The portrait was re-identified as of Catherine Parr by Susan E. James in ‘Lady Jane Grey or Queen Kateryn Parr?’ Burlington Magazine, cxxxviii, January 1996, pp.20-24), and can be found on the National Portrait Gallery’s website under the name Catherine Parr.

 

“The grand, full-length state portrait of Lady Jane Grey (NPG, 4451) presents a fairly difficult case of identity. The picture first turned up at Glendon Hall, the home of the Lane family, in the early 18th century, where it was identified as Catherine Parr, Henry VIII’s last wife; Ralph Lane had married the heiress of William, Lord Parr, the uncle of the Queen.

 

The NPG portrait, which dates on style and costume from about 1545, clearly represents a young girl, and cannot, therefore, be Catherine Parr, who was then middle-aged.
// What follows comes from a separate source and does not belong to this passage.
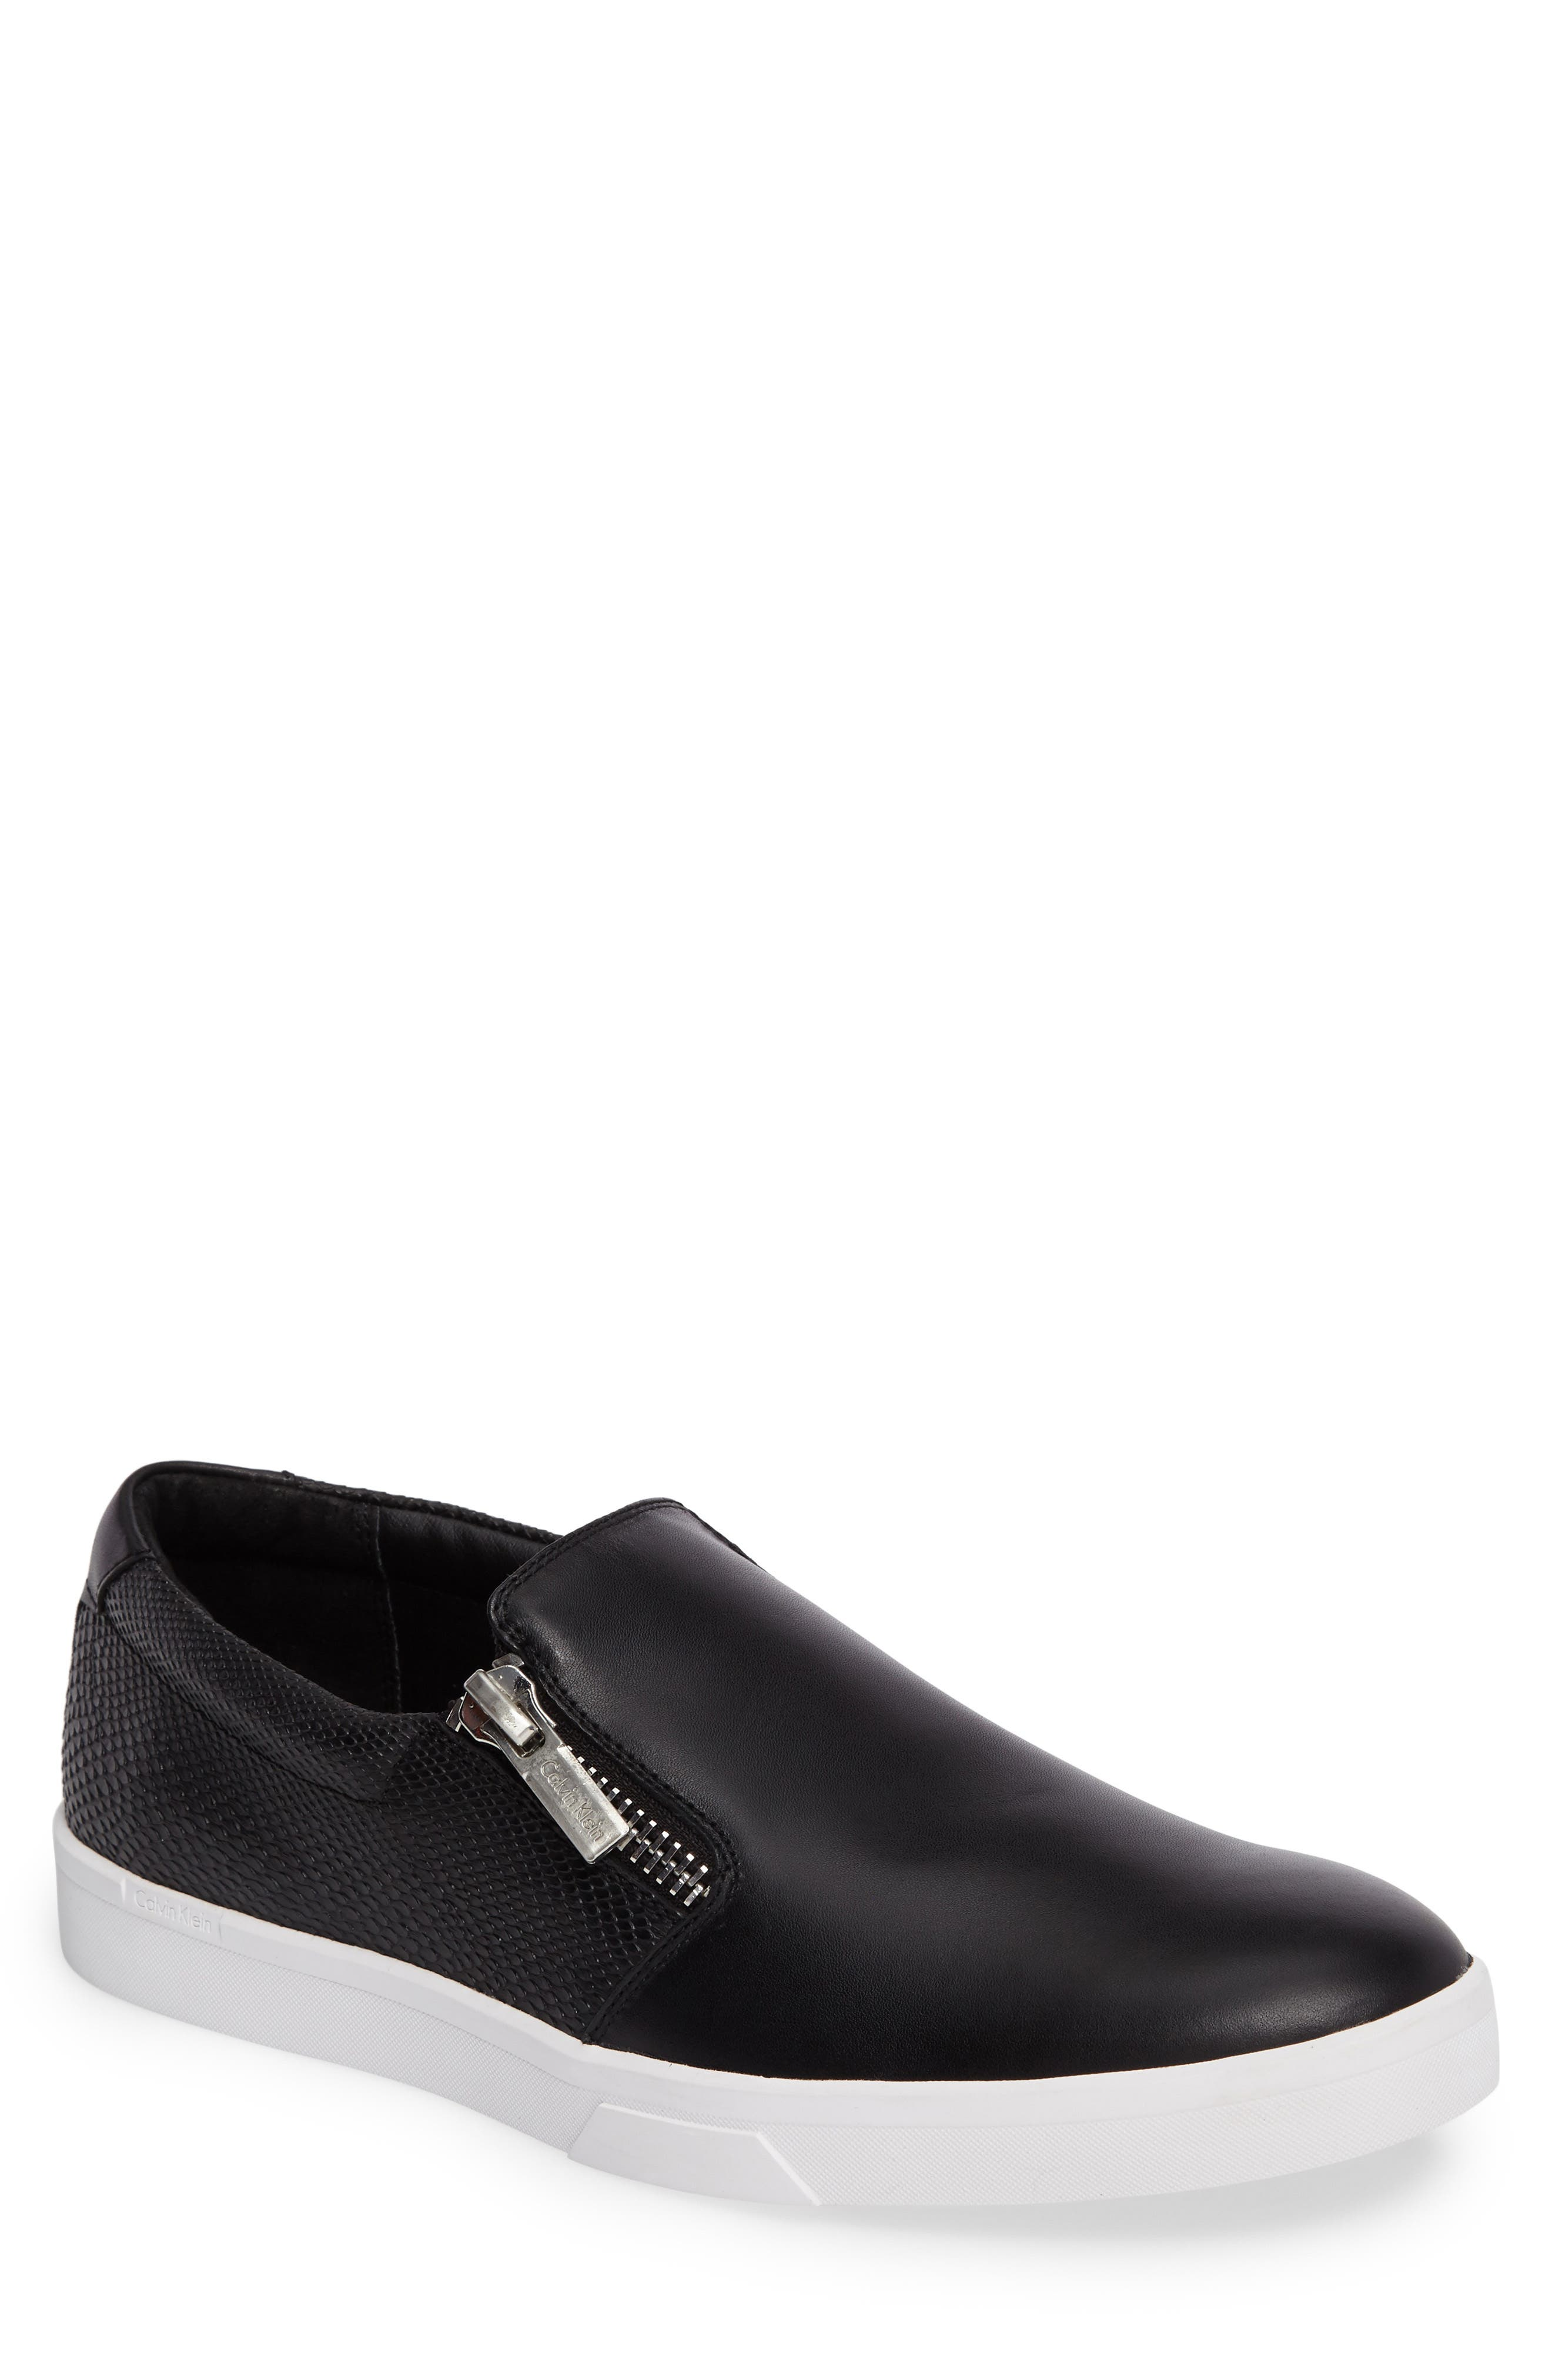 Alternate Image 1 Selected - Calvin Klein Ibiza Slip-On Zip Sneaker (Men)

The coroneted pendent jewel which the sitter wears at her breast appears to be the same as that shown in an engraving of Lady Jane Grey published in Henry Holland’s Herwologia (1620).

 

Holland is categorical in his statement that if he failed to obtain a true likeness he excluded the sitter from the volume. In an annotated copy of the Herwologia, the engraving is said to come from ‘Mr Jo: Harisons, Halbens’. The face in the NPG portrait, which has been overpainted, also tallies in x-ray with the features of the sitter represented in the engraving. Further evidence is supplied by a late copy of the NPG type (collection of Lord Hastings), probably after another lost Tudor portrait, which has always been known as Lady Jane Grey.

 

The confusion with Catherine Parr is understandable, since Lady Jane Grey was brought up in her household; a portrait of either lady could be expected to have the same provenance. The NPG picture has been tentatively attributed to Master John, on comparison with the documented portrait of Mary I by him, also in the collection. It derives in format from Holbein’s portrait of the Duchess of Milan (National Gallery), though it is much more abstract and formalized. It represents Lady Jane Grey as a great court lady, rather than as the tragic victim of historical romance.”

 

RL Ormond, ‘The National Portrait Gallery archive’, Journal of the Society of Archivists, 4 (1970), 130-136)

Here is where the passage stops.